Carbon nanothreads are one-dimensional sp3-hybridized polymers that have been theorized to exhibit new mechanical, thermal, or electronic properties. When derived from polycyclic aromatic hydrocarbons, nanothreads with thicker diameters emerge, which may promote higher ultimate strengths and/or bending moduli. In this contribution, we investigate the thermally mediated polymerization of naphthalene and pyrene under uniaxial pressure. Both PAHs undergo successful polymerizations, affording crystalline solids with distinctly different interplanar spacings (dNap = 7.77, 6.64, and 6.24 Å; dPy = 8.81, 8.37, and 7.33 Å). The application of heat resulted in the reduction of maximum pressures (at least 8 GPa for naphthalene and at least 4 GPa for pyrene), with a more well-defined diffraction pattern being obtained in the polymerization of pyrene. Spectroscopic analysis supported the formation of predominantly C(sp3)-hybridized extended carbon materials, consistent with simulated crystalline nanothreads without cross-linking.

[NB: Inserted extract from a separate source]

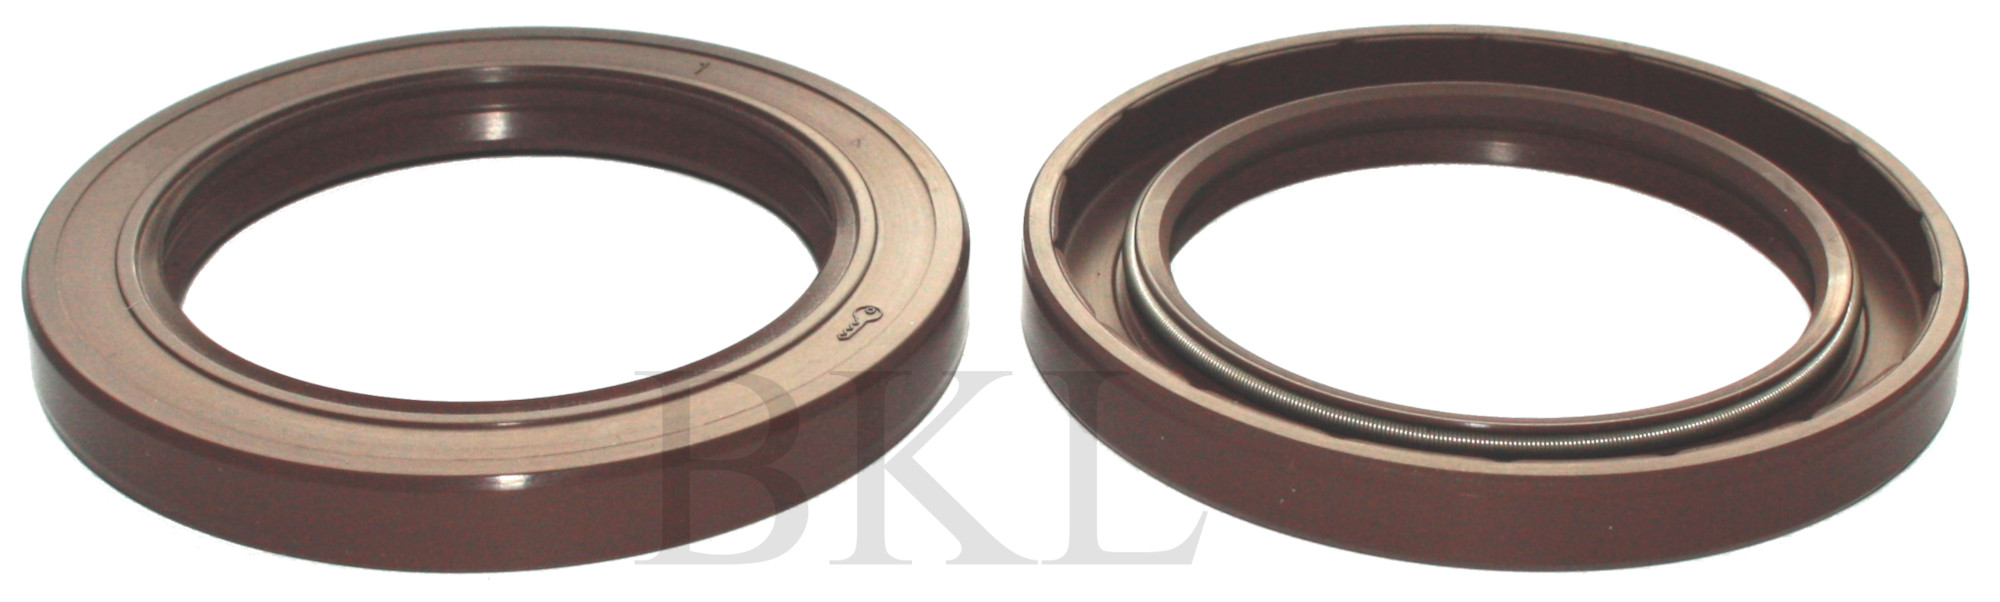 95x120x13mm R23/TC Double Lip Viton Rotary Shaft Oil Seal with Garter Spring image 2

碳纳米线（carbon nanothreads）是一类一维sp³杂化聚合物，理论上可展现出新颖的力学、热学或电学特性。当以多环芳烃（polycyclic aromatic hydrocarbons, PAHs）为前驱体制备时，可得到直径更粗的碳纳米线，此类纳米线有望具备更高的极限强度与/或弯曲模量。本研究针对单轴压力下热介导的萘与芘聚合过程展开探究。两种多环芳烃均成功发生聚合，得到具有显著差异层间距的结晶固体：萘对应的层间距（dNap）为7.77、6.64与6.24埃，芘对应的层间距（dPy）为8.81、8.37与7.33埃。加热可降低聚合所需的最大压力（萘至少需8 GPa，芘至少需4 GPa），且芘的聚合反应可得到峰形更规整、分辨率更高的衍射图谱。光谱分析结果证实，产物主要为sp³杂化的延展碳材料，与无交联的模拟结晶碳纳米线结构相符。